Однако она помнила, что вначале и сама была звездой - не первой величины, но всё-таки. И мысль об этом помогала ей рассуждать с невиданной для прочих "коркодилов", то есть "покрытых корой", скоростью.
"Наряжаюсь и думаю, что понравится, - она плоховато владела грамматическими формами, потому что была совсем ещё дитятей, и предпочитала всем остальным временам настоящее. - Потом думаю подарить радость. Они ликуют - живут, любятся, плодят себе подобных, устав, возвращают себя мне. Кормят друг друга - это как замкнутое кольцо. Но явились те, кто желает выделиться. Истребляют быстроживущих для одних себя. Растят долгоживущих лишь себе на потребу. Не платят долгов - всё внутрь. Живое внутрь. Свои жилища обернули внутрь. Посылаю болезнь - первое моё слово. Вывернули наизнанку. По совету Голубой Звезды посылаю крылатых вестников - второе слово. Не приняли, не услышали, погубили одного. Нет терпения - изъели кожу. Не снаружи, так с испода влезли. Они имеют слово "червоточина" для того, что соединяет миры. Но про свой дом не догадываются. Хочу вернуть себе душу звезды".

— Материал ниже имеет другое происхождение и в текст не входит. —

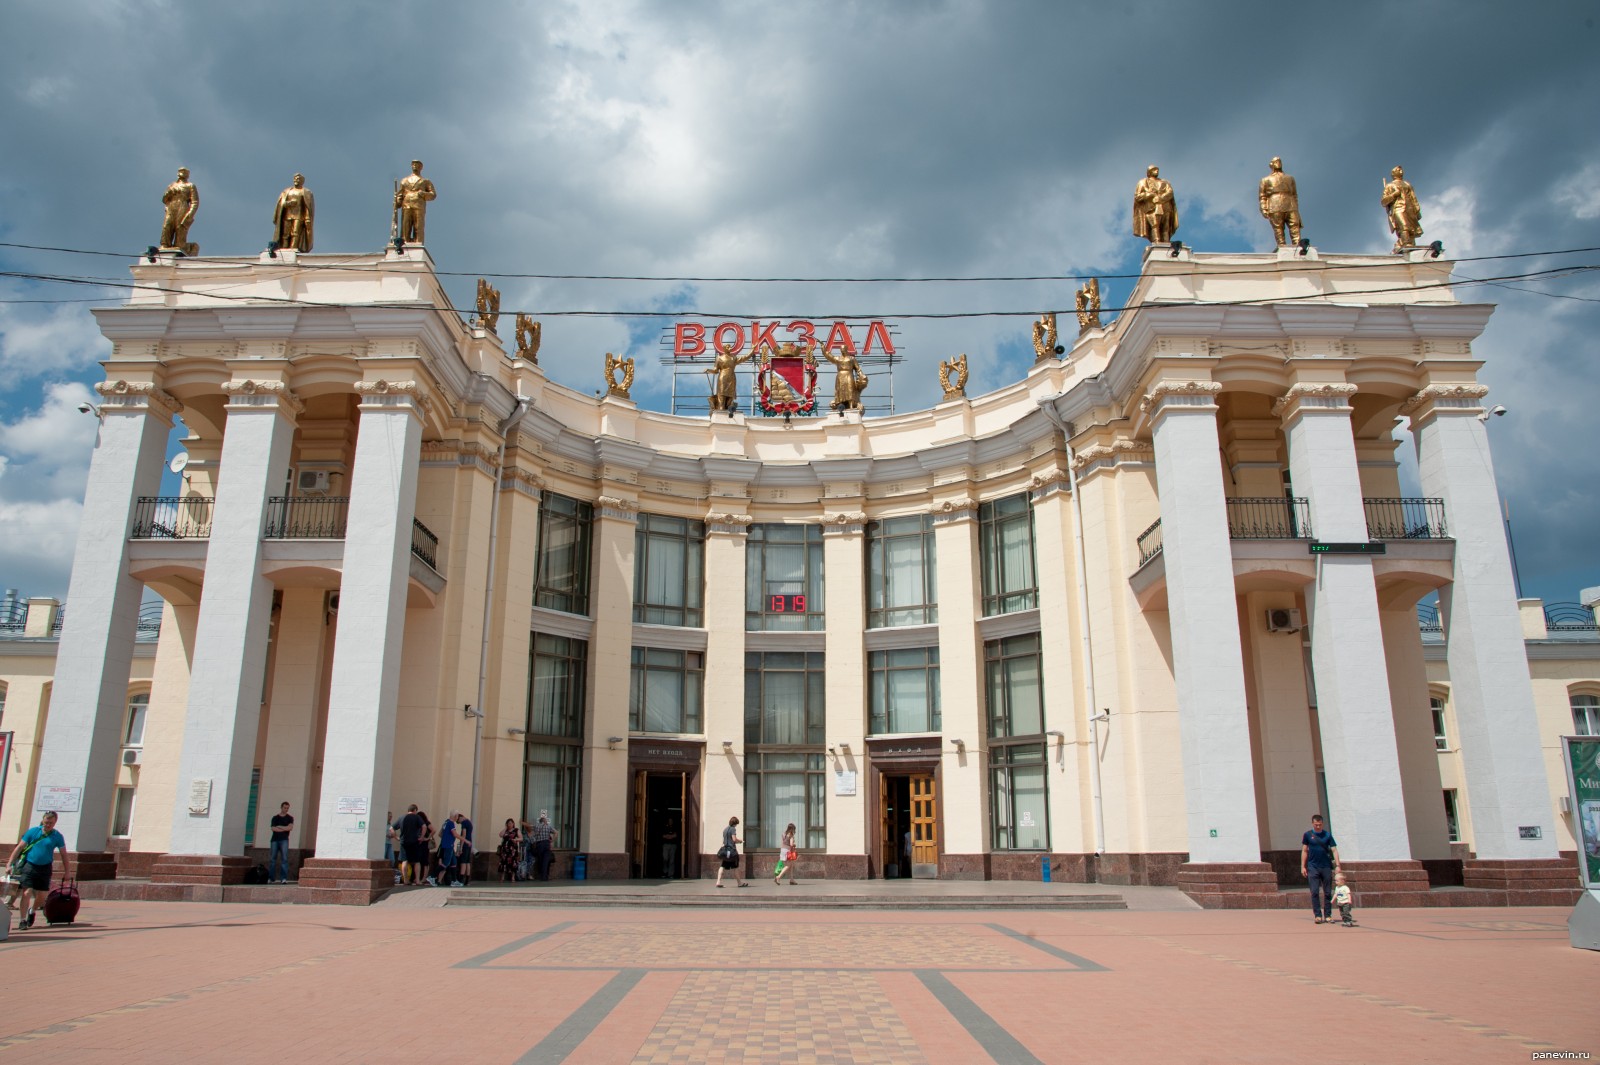 Вокзал в Воронеже: адрес, телефоны и услуги

Из недр земных поднимается магма - причина жизни, воплощение смерти. Подступает раскалённой лавой под самое горло вулканов. Кипятит воду глубоких озёр, чтобы та вырвалась гордыми плюмажами гейзеров. Раскачивает колыбель, чтобы уронить непонятливого, злобного ребёнка в космическую пустоту.
Выпевает новую песню иного поэта:
 :
Земля, к чему шутить со мною: Одежды нищенские сбрось И стань, как ты и есть, звездою, Огнем пронизанной насквозь!